The amendments will be open for public comment until Feb. 15, 2018, according to the Administrative Office of the U.S. Courts. The Judicial Conference Committee on Rules of Practice and Procedure approved publication of the proposed amendments.
Proposals for Federal Rules of Appellate Procedure 3 and 13, which address how to serve notice of an appeal, basically would “change the word ‘mail’ to ‘send.’ This includes any permissible form of transmission,” Kendyl T. Hanks, a trial litigator and appellate advocate at Greenberg Traurig, Austin, told Bloomberg BNA in an email.
The proposals would conform those rules to earlier proposed revisions to Rule 25, which would generally require electronic filing for all represented persons, Hanks said.
Revisions to Rule 25 were proposed in August 2016 but still haven’t been adopted, she said.
The movement toward uniform electronic filing is great for appellate practitioners and clients because it’s more efficient and less expensive, Hanks said.
The draft proposed amendment to FRAP 26.1, which addresses disclosure requirements, is probably more interesting for what it doesn’t propose, Hanks said.
Disclosure requirements help judges in making a determination of whether they have any interests in any of a party’s related corporate entities that would disqualify them from hearing an appeal.
The current proposals for FRAP 26.1, which addresses disclosure requirements, are “fairly limited” and “wouldn’t change much,” Hanks said.
Proposed changes would require disclosures regarding “organizational victims” in criminal cases, and certain disclosures about debtors not identified in appellate case captions.
Rules 28 and 32 would have conforming minor changes, she said.
The Committee on Rules of Practice and Procedure of the Judicial Conference, which prepared the preliminary drafts of the amendments, considered whether they should also propose broadening Rule 26.1 but the disclosure requirements for regular civil appeals remain unchanged, she said.
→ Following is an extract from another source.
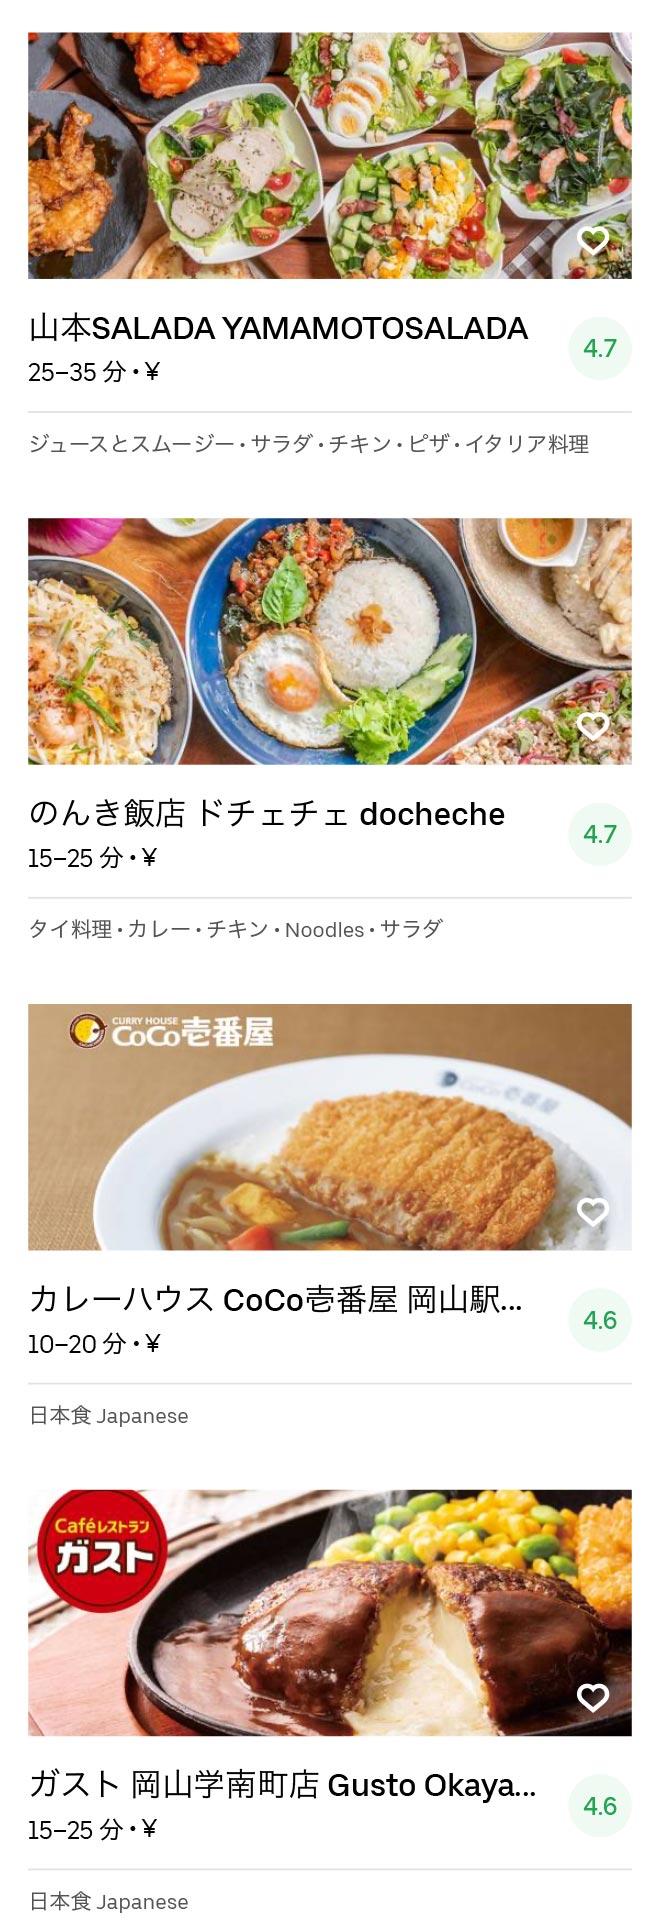 Okayama menu 2007 05

Many federal courts of appeals have their own broader disclosure rules, Hanks said.
Under Fifth Circuit Rule 28.2.1, parties “must include at their beginning of their briefs a ‘certificate of interested persons’ that discloses basically any person or entity with a financial interest in the outcome of the litigation,” she said.
This full disclosure can be burdensome but “helps avoid any appearance of conflict on the part of the assigned panel,” Hanks said.
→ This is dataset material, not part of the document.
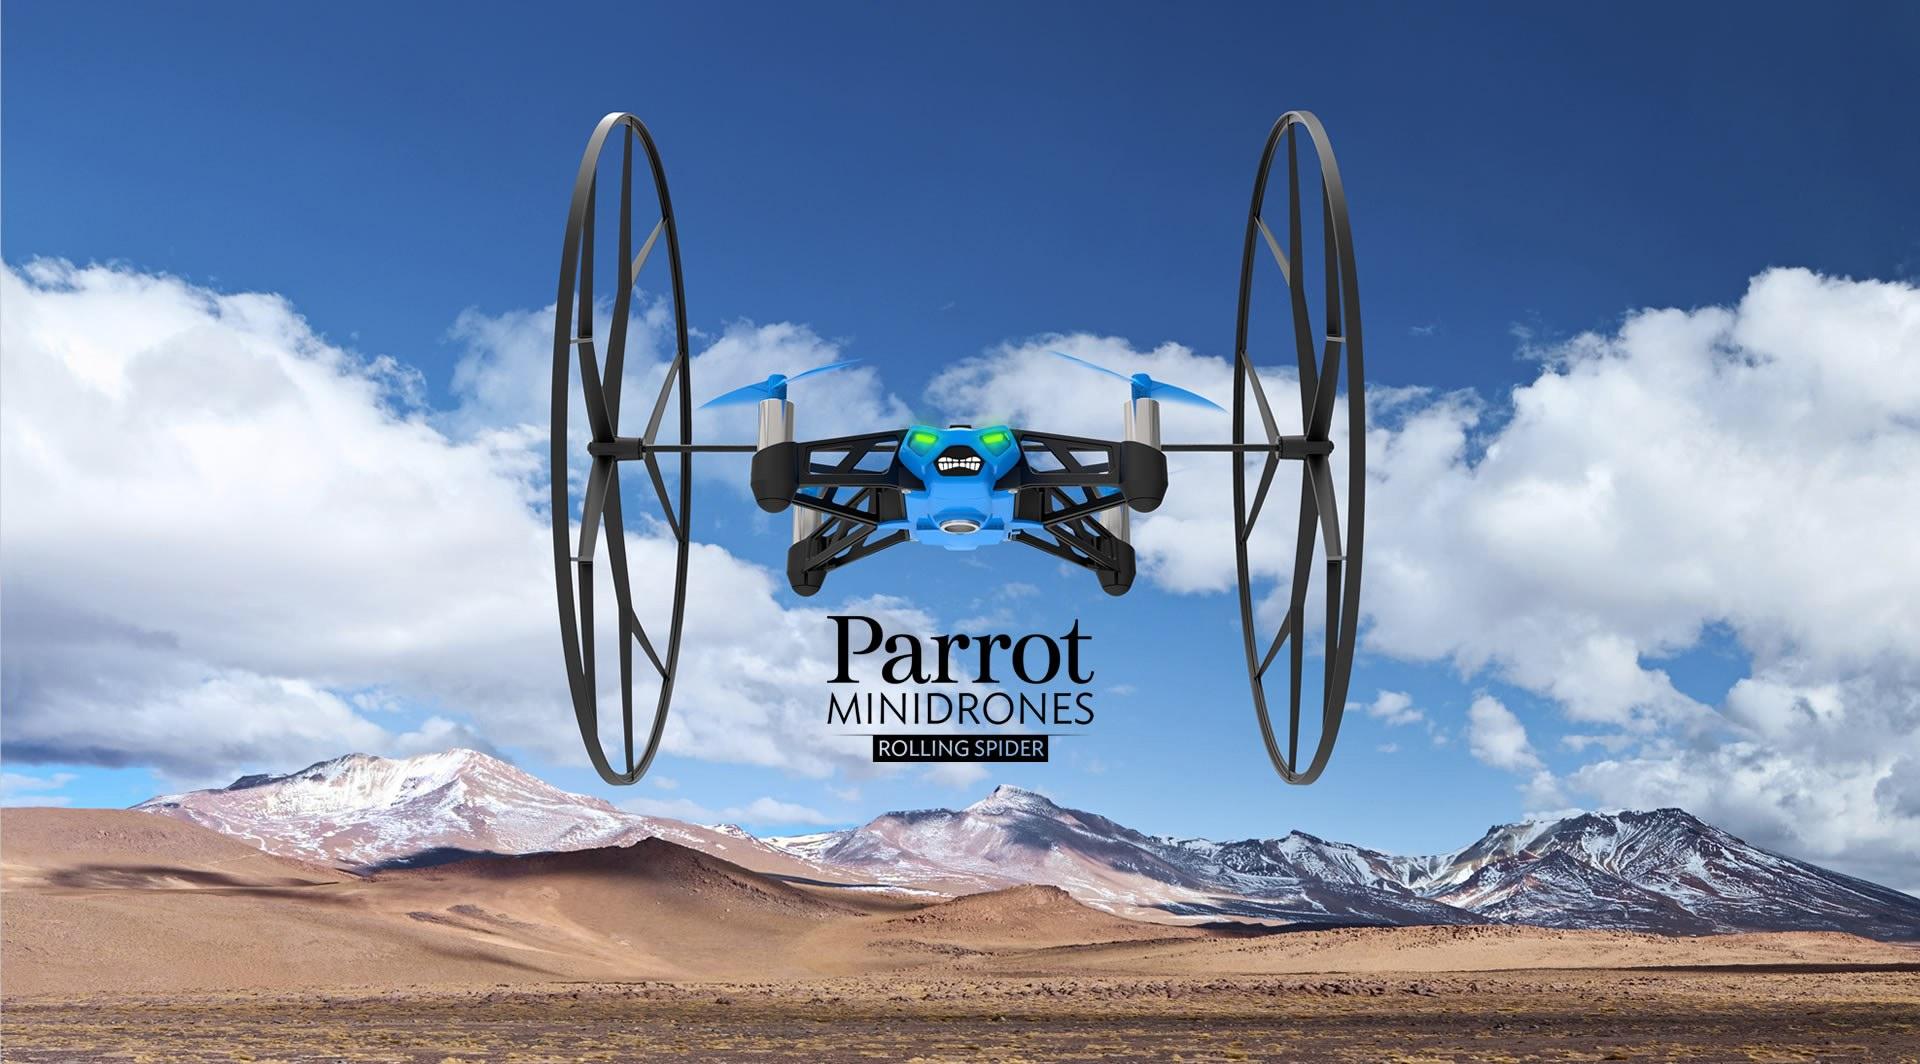 Rolling Spider de Parrot

What this means for appellate practitioners is that they will need to check local rules “in every case to make sure they comply with potentially broader disclosure requirements,” Hanks said.
The proposed amendments to Federal Rule of Evidence 807’s residual exception to the hearsay rule are “very practical,” Gregory P. Joseph, an attorney with Joseph Hage Aaronson LLP, told Bloomberg BNA.
They suggest eliminating the requirement that residual hearsay evidence be equivalent to material evidence. This would allow courts to consider corroborating evidence when determining the trustworthiness of the hearsay, and eliminating the requirement that residual hearsay must be evidence of a material fact and its admission will serve the interests of justice.
These proposals “make the rule more user-friendly and eliminate circuit splits interpreting the present version,” Joseph said.
Furthermore, the amended rule doesn’t “swallow the hearsay rule,” he said.
The Advisory Committee “tweaked” the rule but it still requires that "(i) no other hearsay exception applies, (ii) the court consider any corroboration, and (iii) the evidence must be more probative on the point than any other available evidence.” Joseph said.